====== Given material

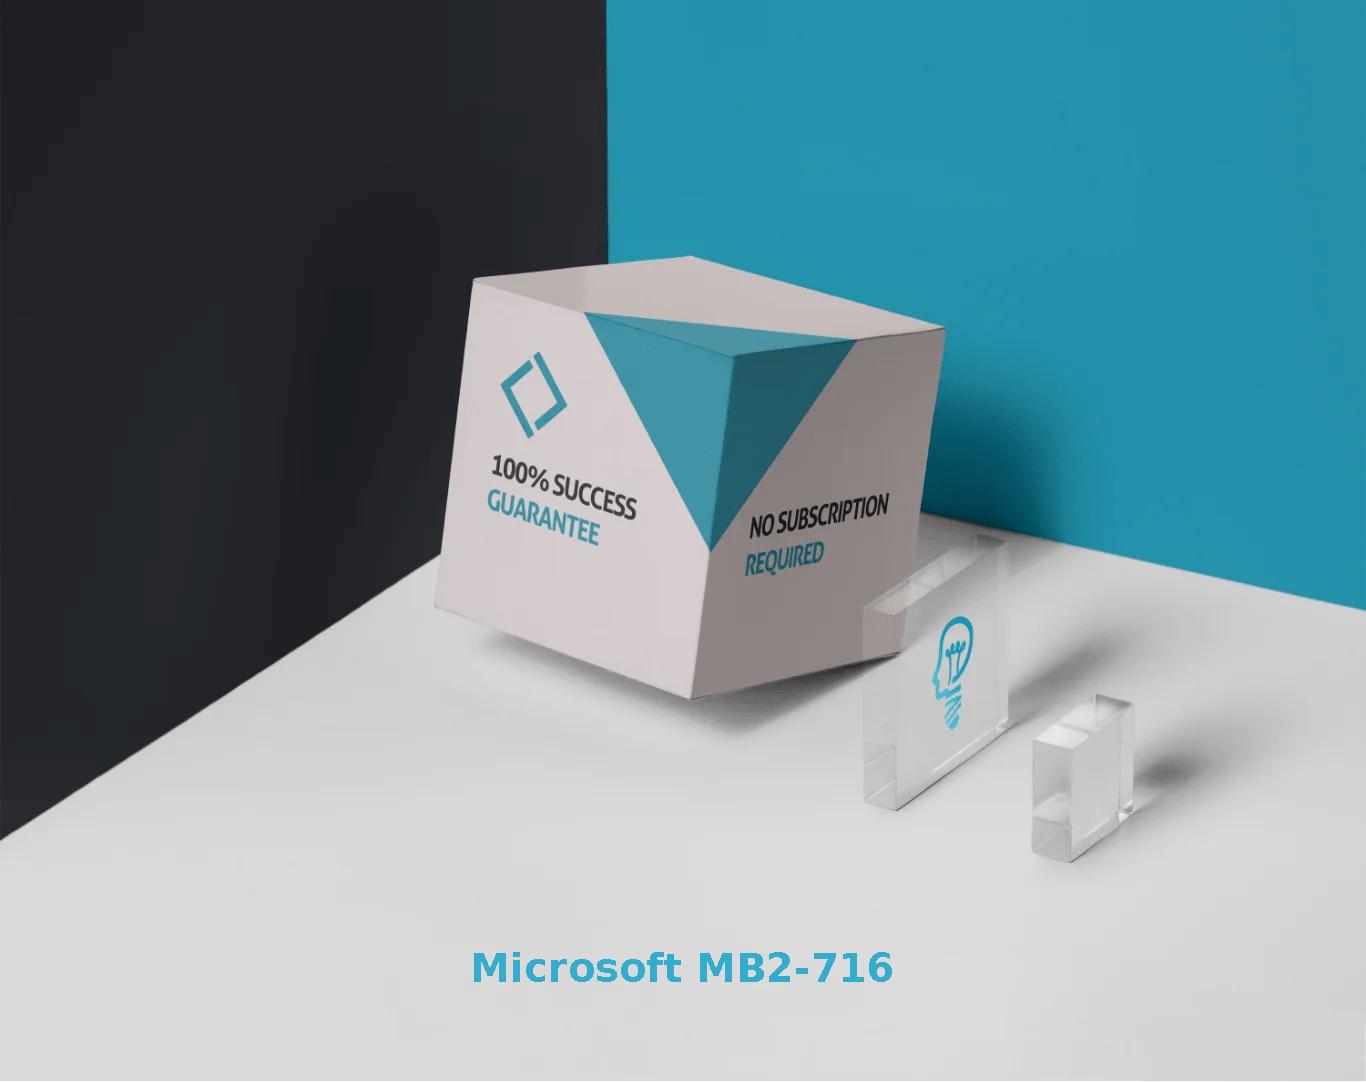 Microsoft MB2-716 Exams
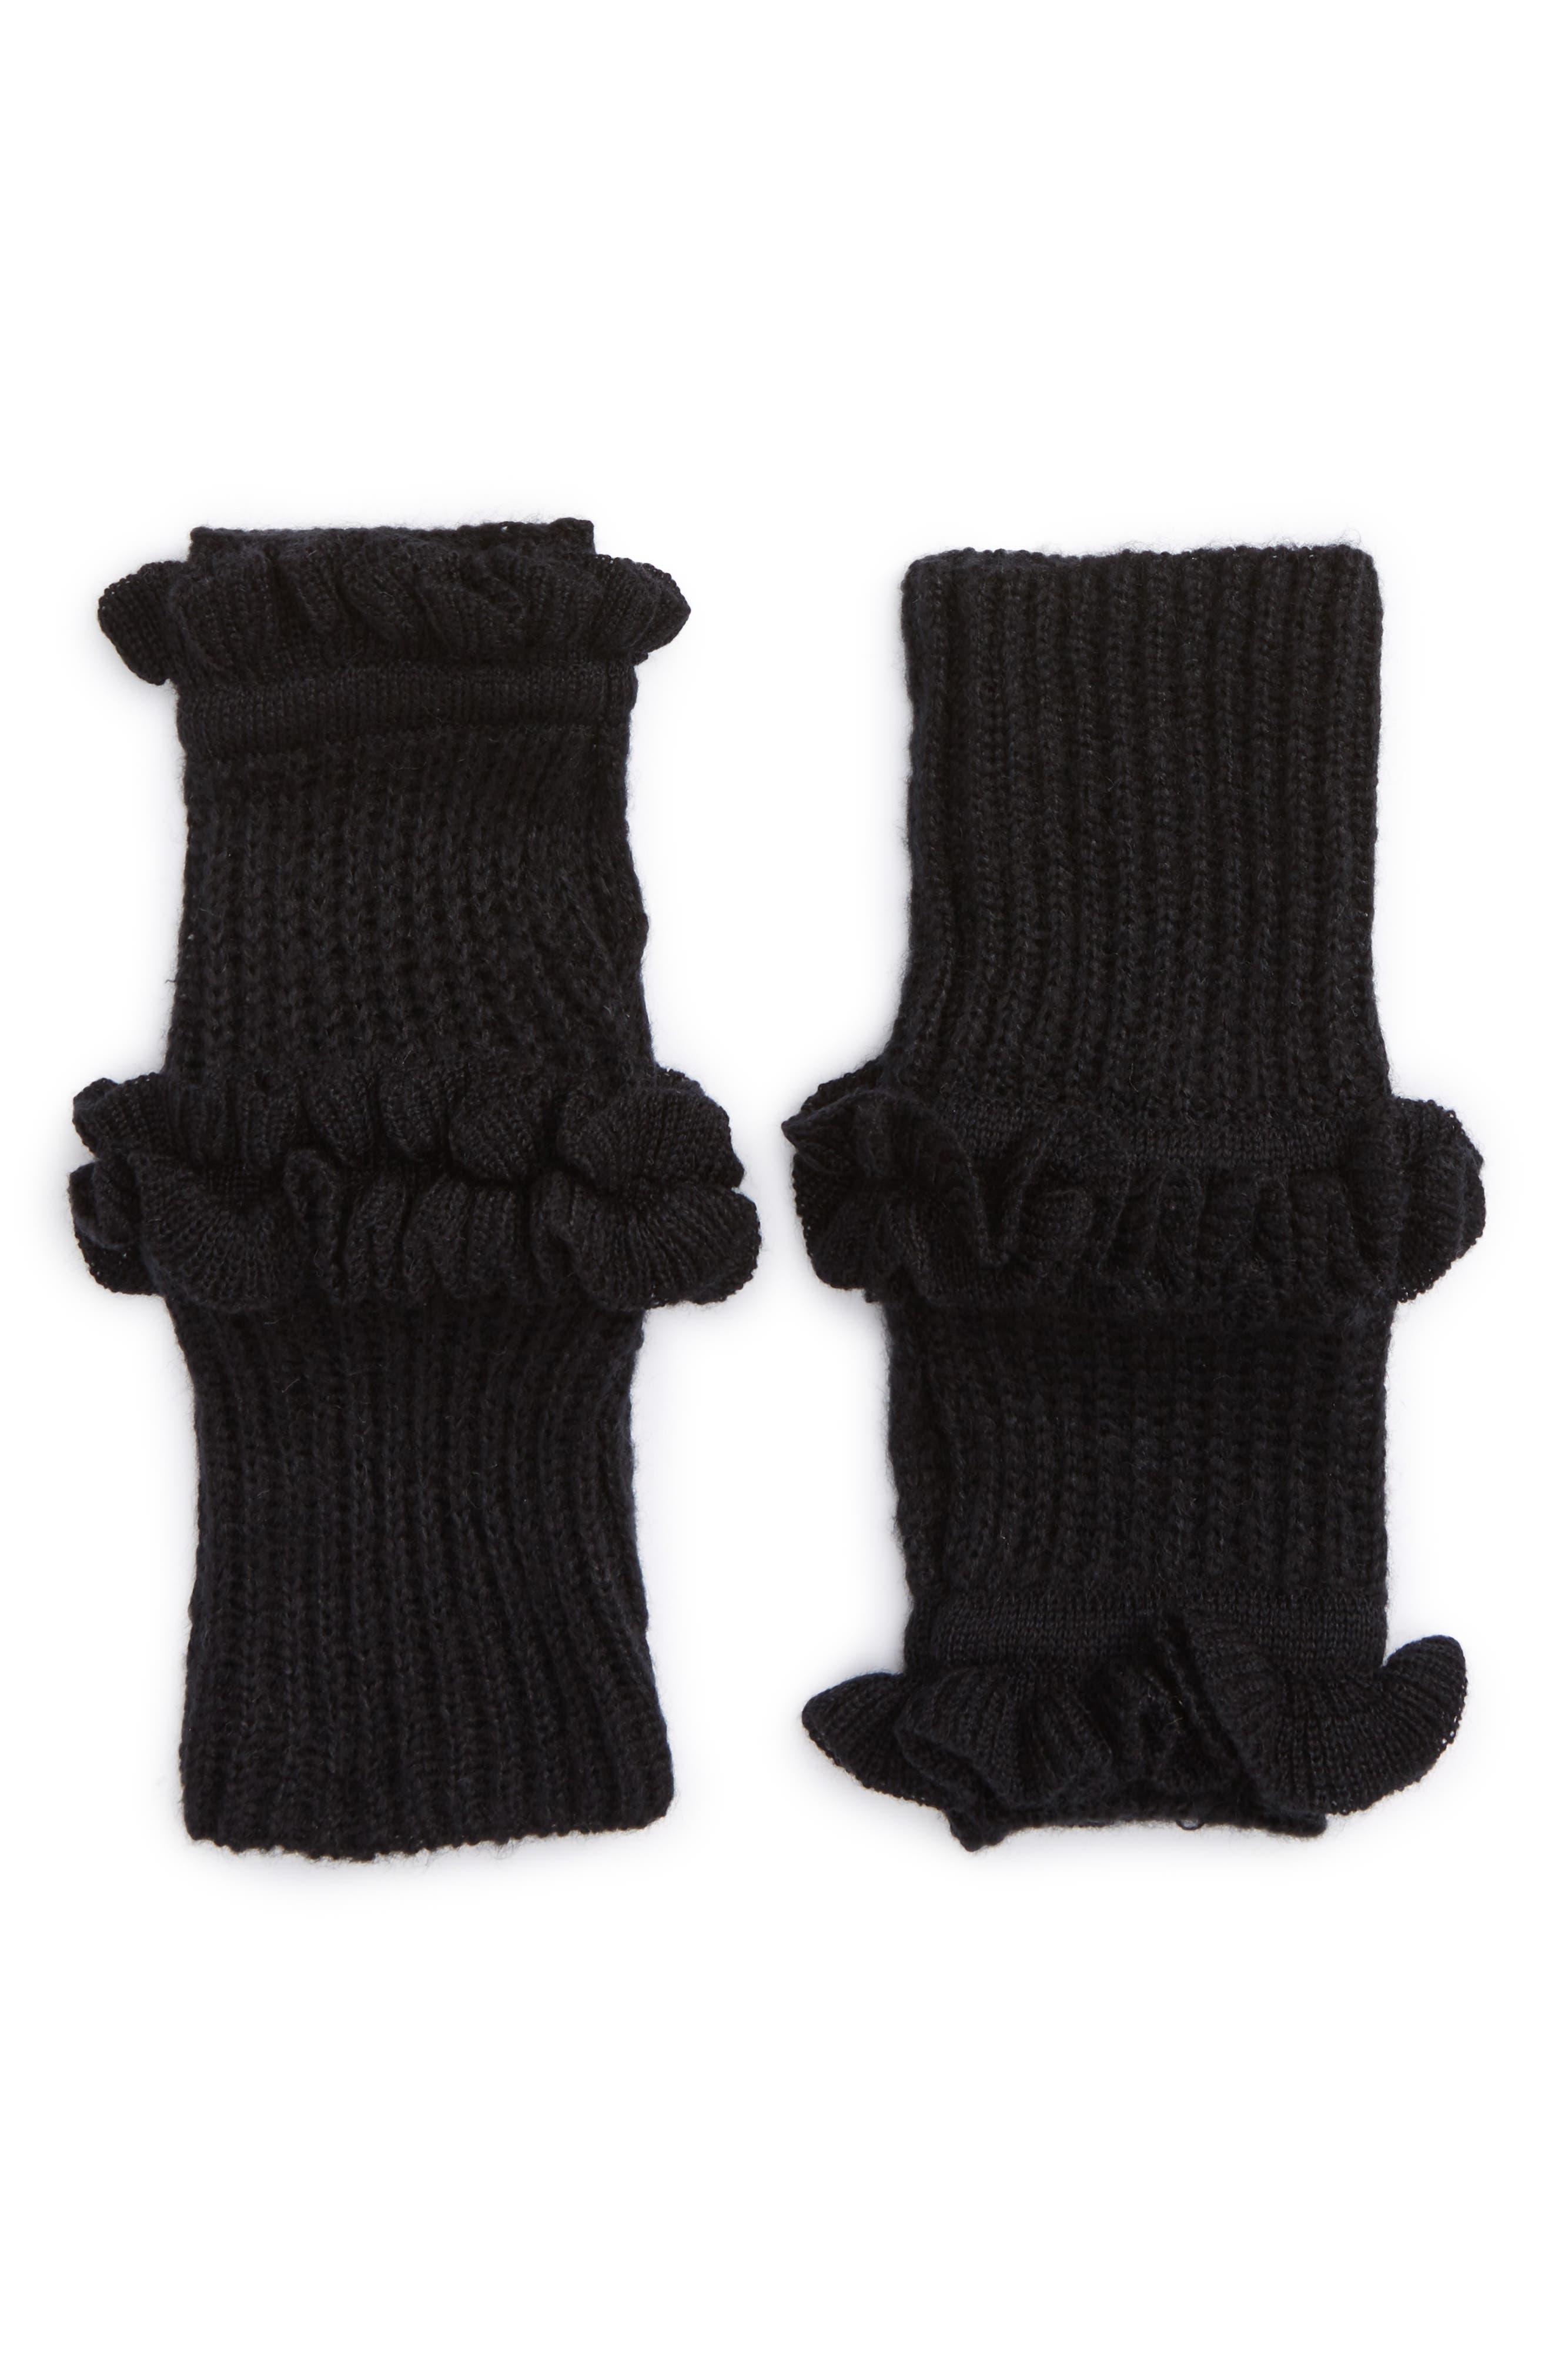 Main Image - Rebecca Minkoff Ruffle Fingerless Gloves
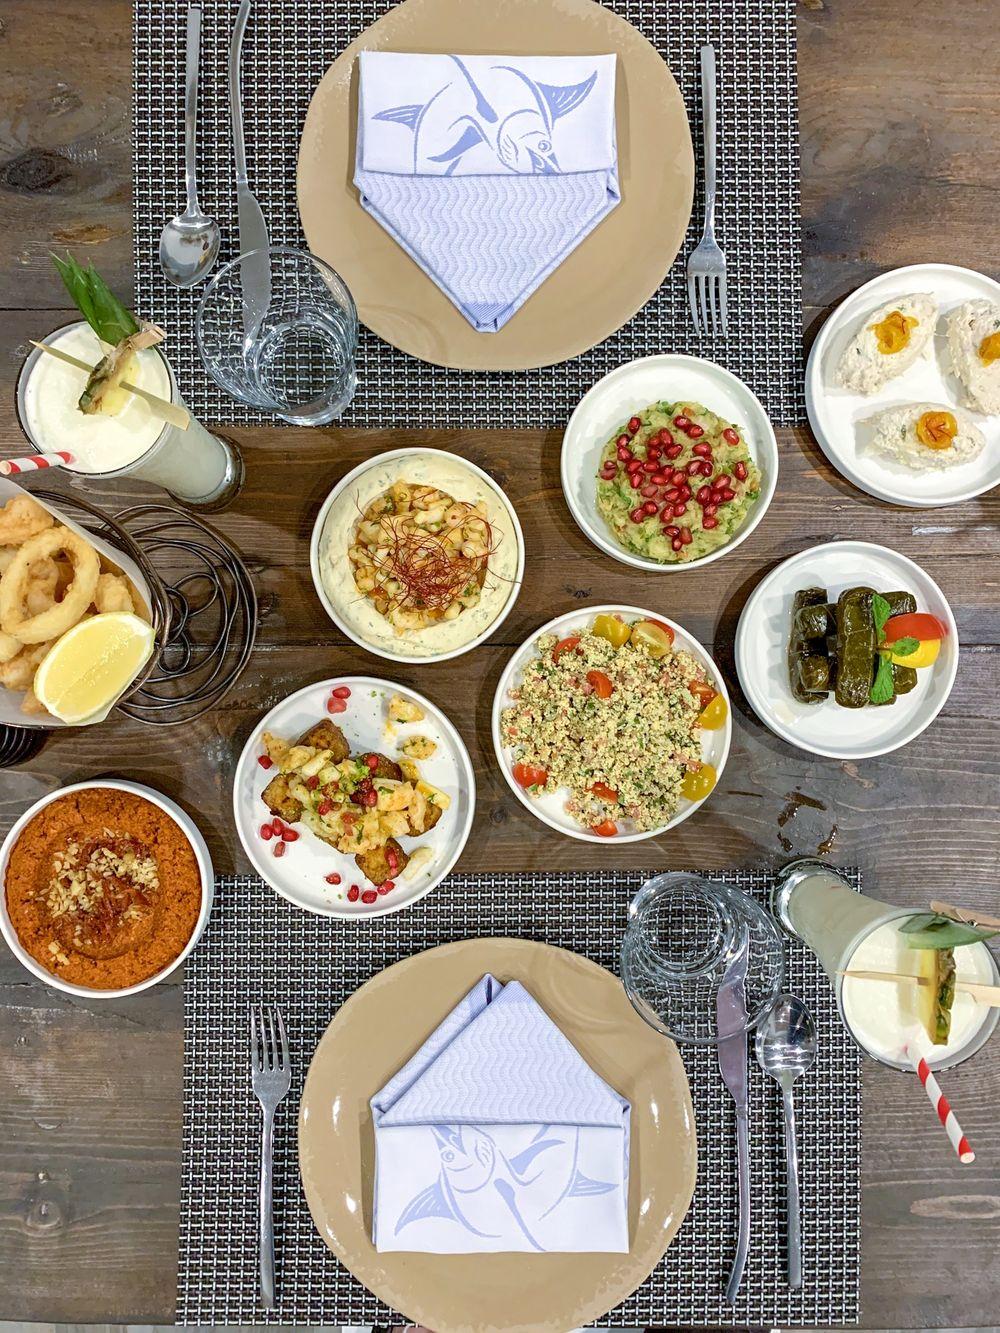 zaya-nurai-restaurants-island-abu-dhabi-nogarlicnoonions-5482019-05-14-10-19-29

============

Aim of the exercise.
Give back the full listing exactly, with pictures dropped.

Worked solution.
 Microsoft MB2-716 Exams
 Main Image - Rebecca Minkoff Ruffle Fingerless Gloves
 zaya-nurai-restaurants-island-abu-dhabi-nogarlicnoonions-5482019-05-14-10-19-29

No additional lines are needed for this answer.